_About this exercise:_ Without any pictures, retype exactly the lines from the one with "Globe-Trotter Attaché Case" through the final line of the records.

_Records from a dataset:_
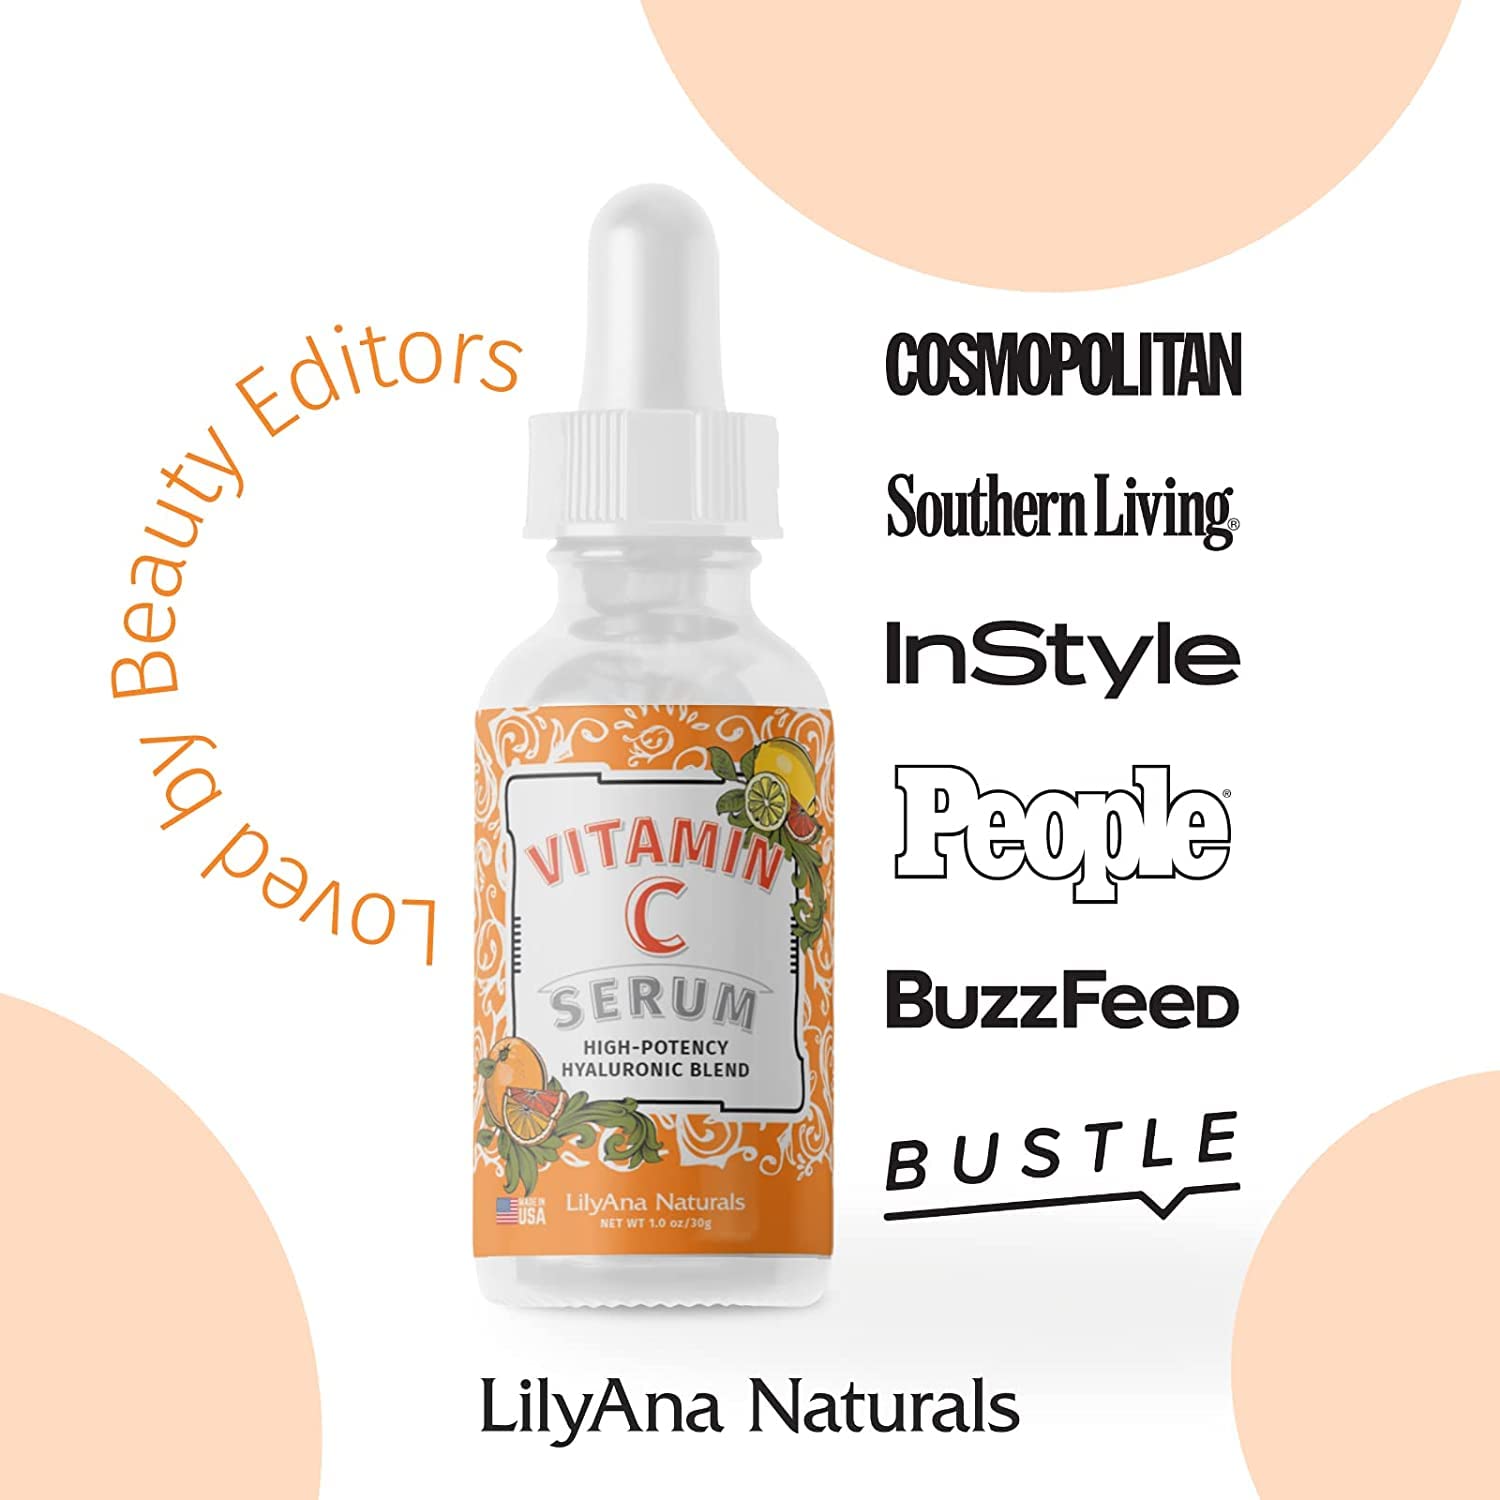 LilyAna Naturals Vitamin C Serum for Face - Face Serum with Hyaluronic Acid and Vitamin E, Anti Aging Serum, Reduces Age Spots and Sun Damage, Promotes Collagen and Elastin - 1oz
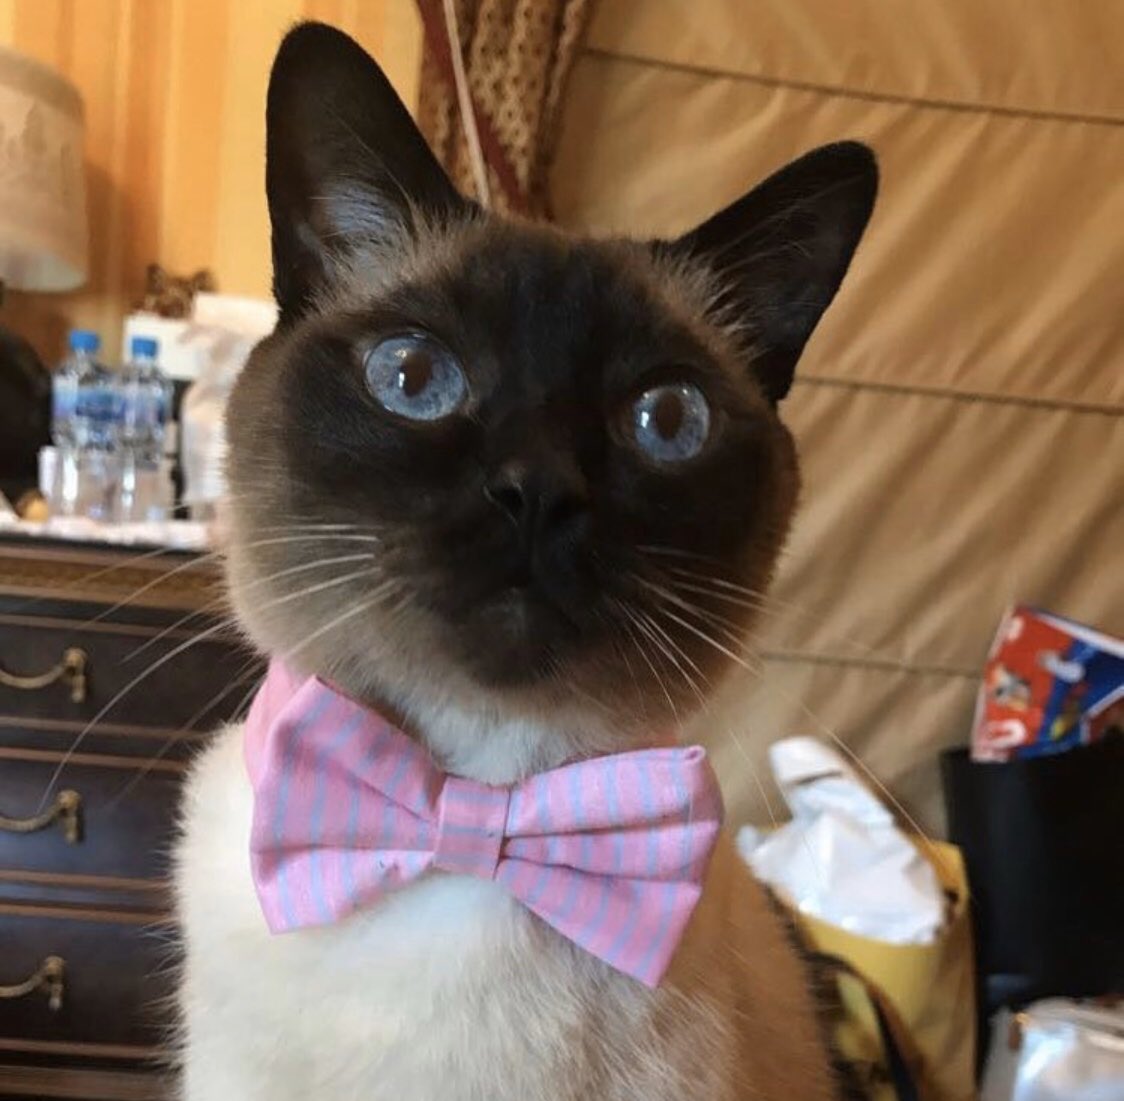 Bernard trying  his best bow tie, for when he takes me out to dinner..  #siamesecats #teammeezer# #mummysboy #mondayvibes #CatsOfTwitter ❤️❤️😻😻😽😽💞💞💞
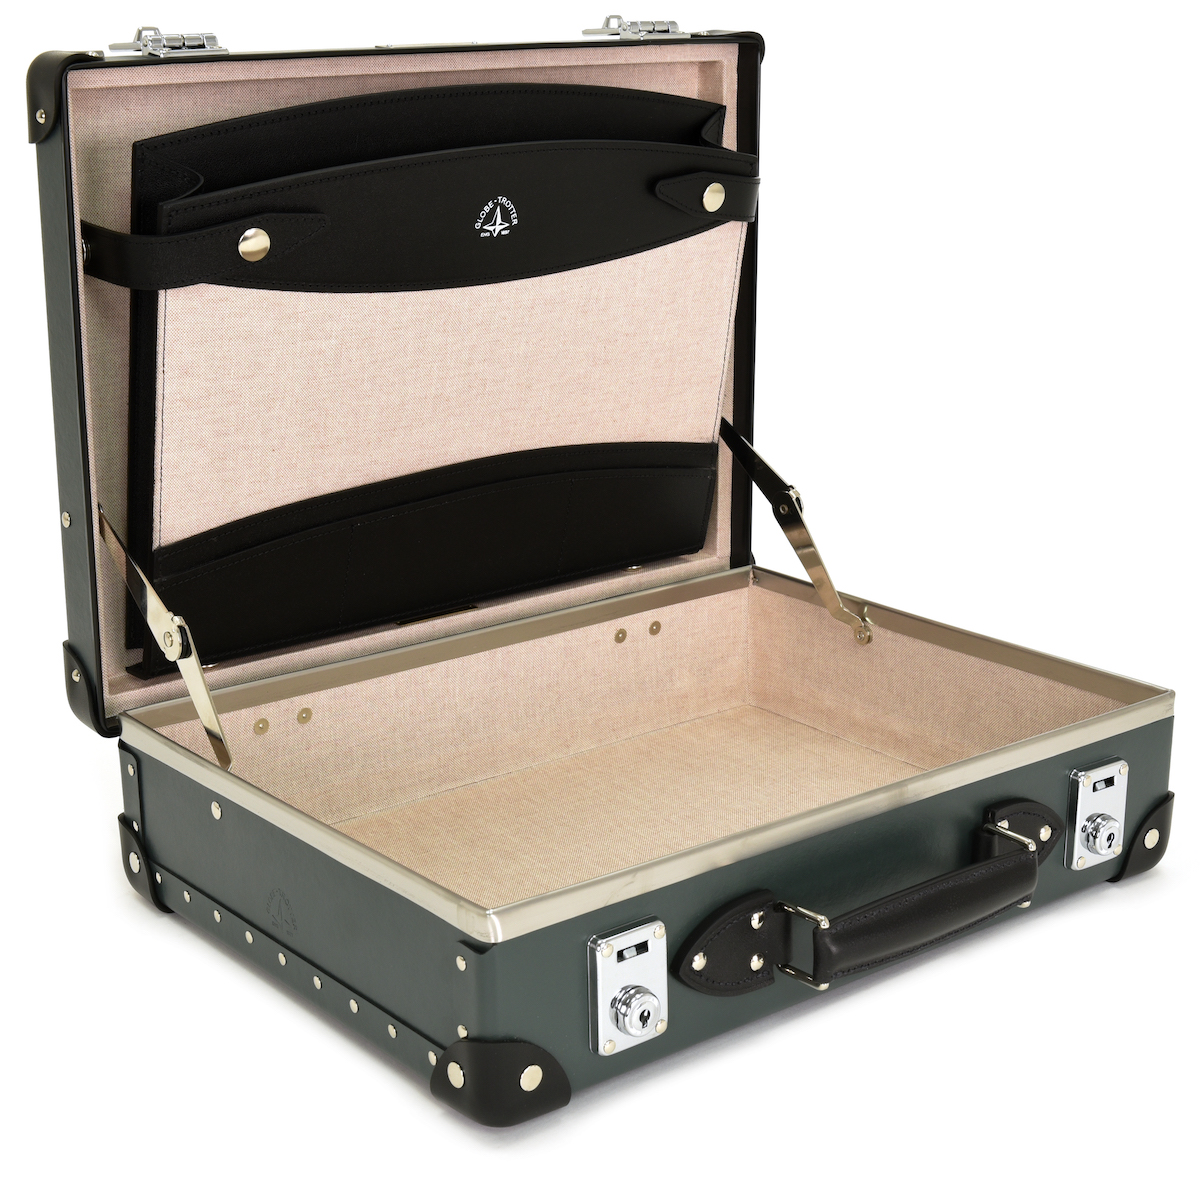 Globe-Trotter Attaché Case No Time To Die collection open interior
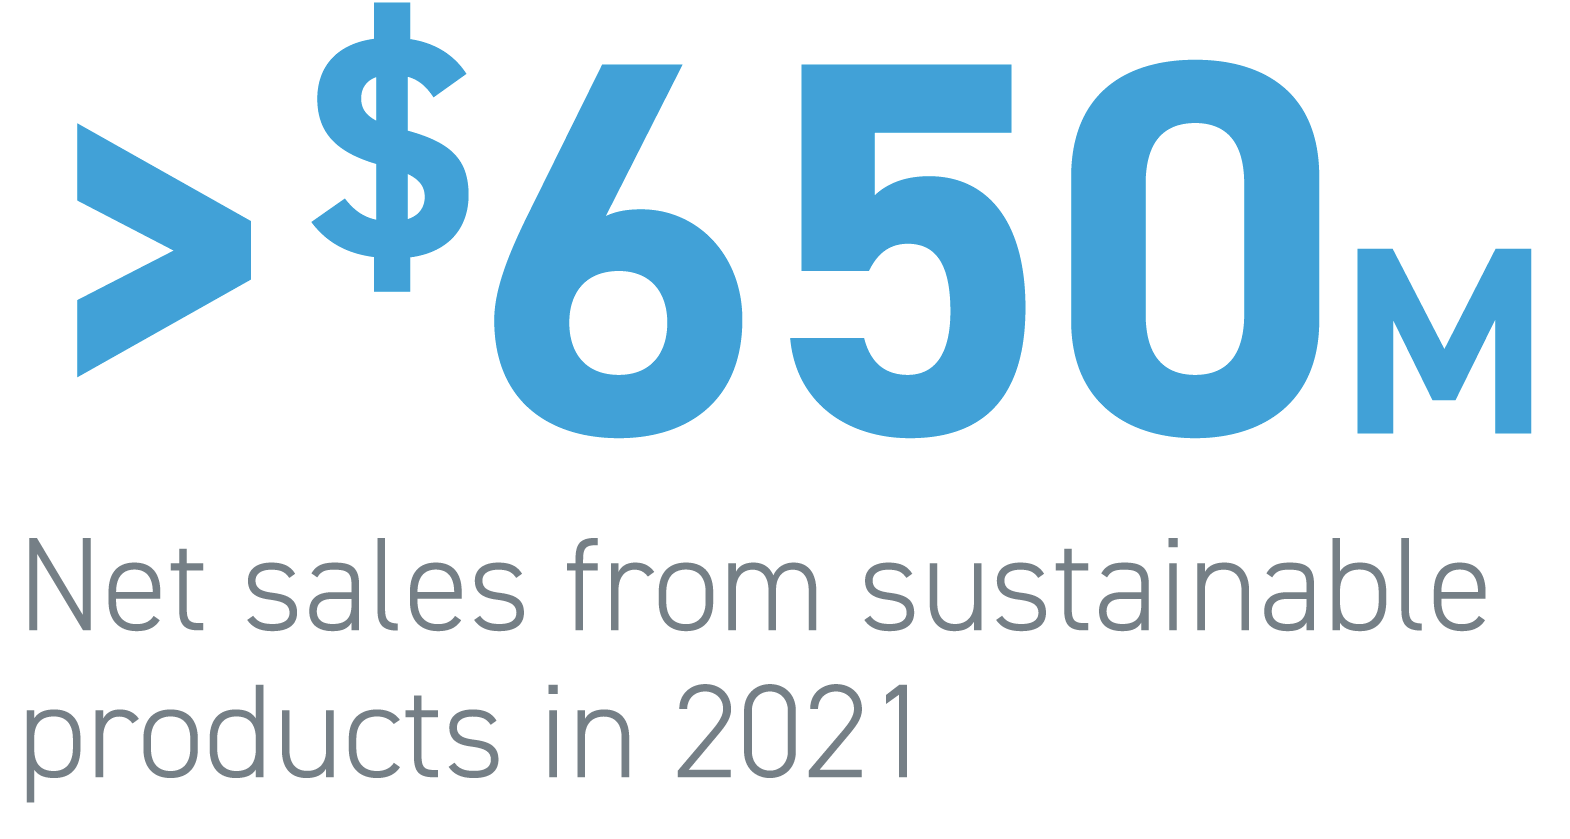 Greater than $650M in net sales from sustainable products in 2021
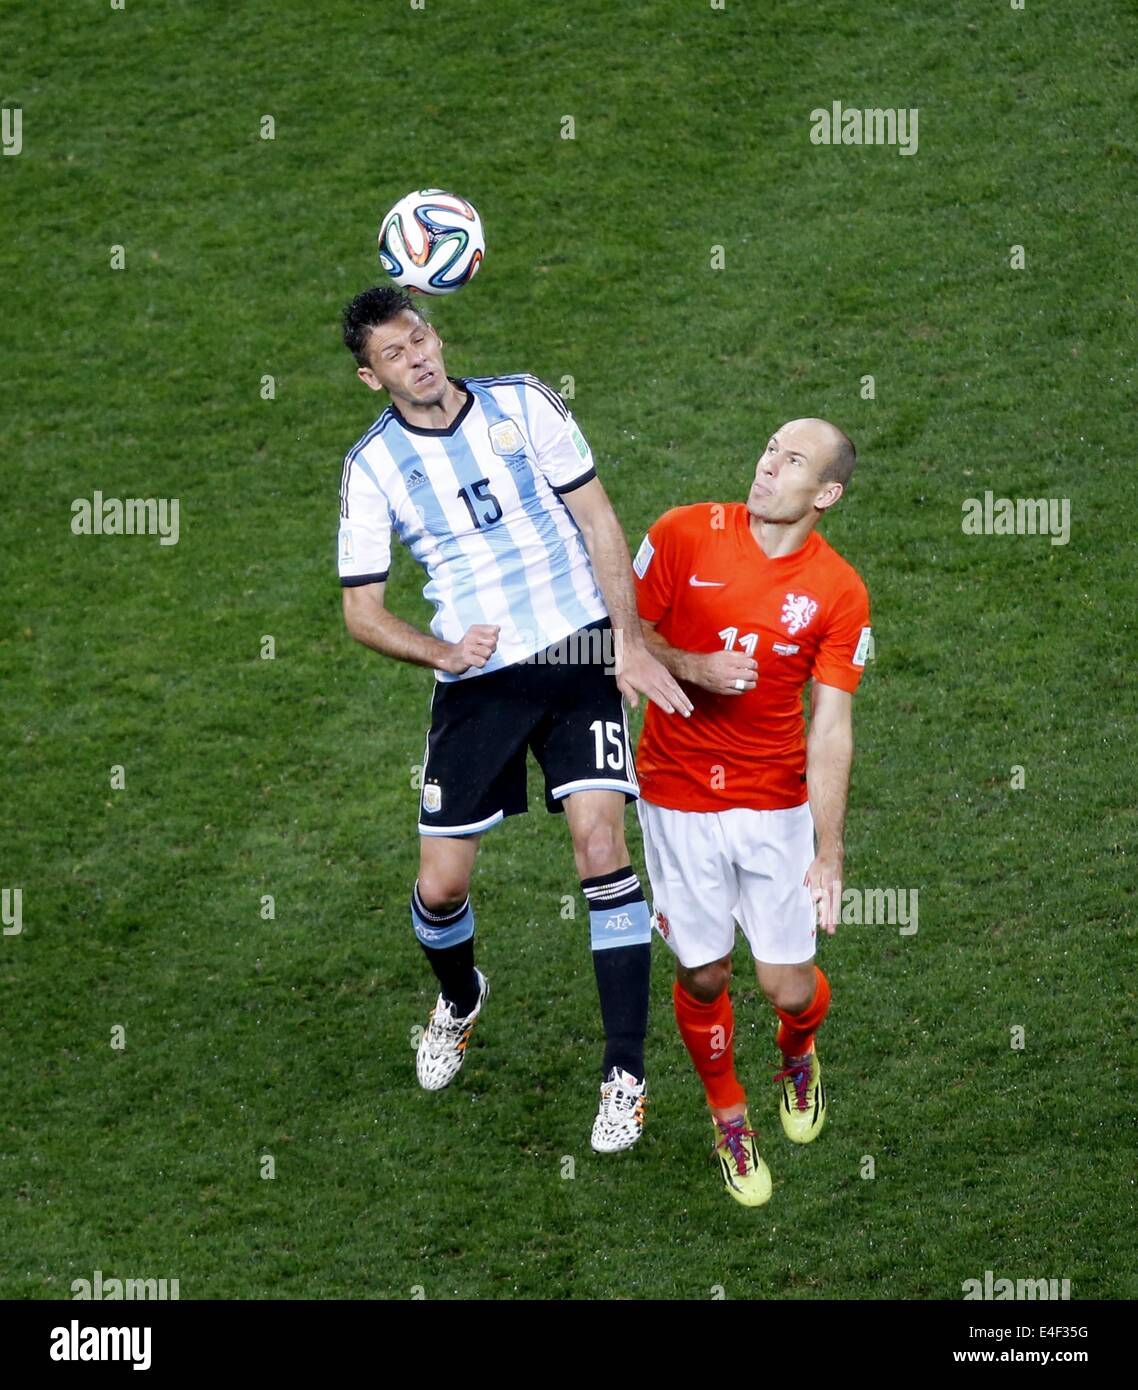 Sao Paulo, Brazil. 9th July, 2014. Netherlands' Arjen Robben competes for a header with Argentina's Martin Demichelis during a semifinal match between Netherlands and Argentina of 2014 FIFA World Cup at the Arena de Sao Paulo Stadium in Sao Paulo, Brazil, on July 9, 2014. Credit:  Liao Yujie/Xinhua/Alamy Live News Stock Photo

_Reply to the task:_
 Globe-Trotter Attaché Case No Time To Die collection open interior
 Greater than $650M in net sales from sustainable products in 2021
 Sao Paulo, Brazil. 9th July, 2014. Netherlands' Arjen Robben competes for a header with Argentina's Martin Demichelis during a semifinal match between Netherlands and Argentina of 2014 FIFA World Cup at the Arena de Sao Paulo Stadium in Sao Paulo, Brazil, on July 9, 2014. Credit:  Liao Yujie/Xinhua/Alamy Live News Stock Photo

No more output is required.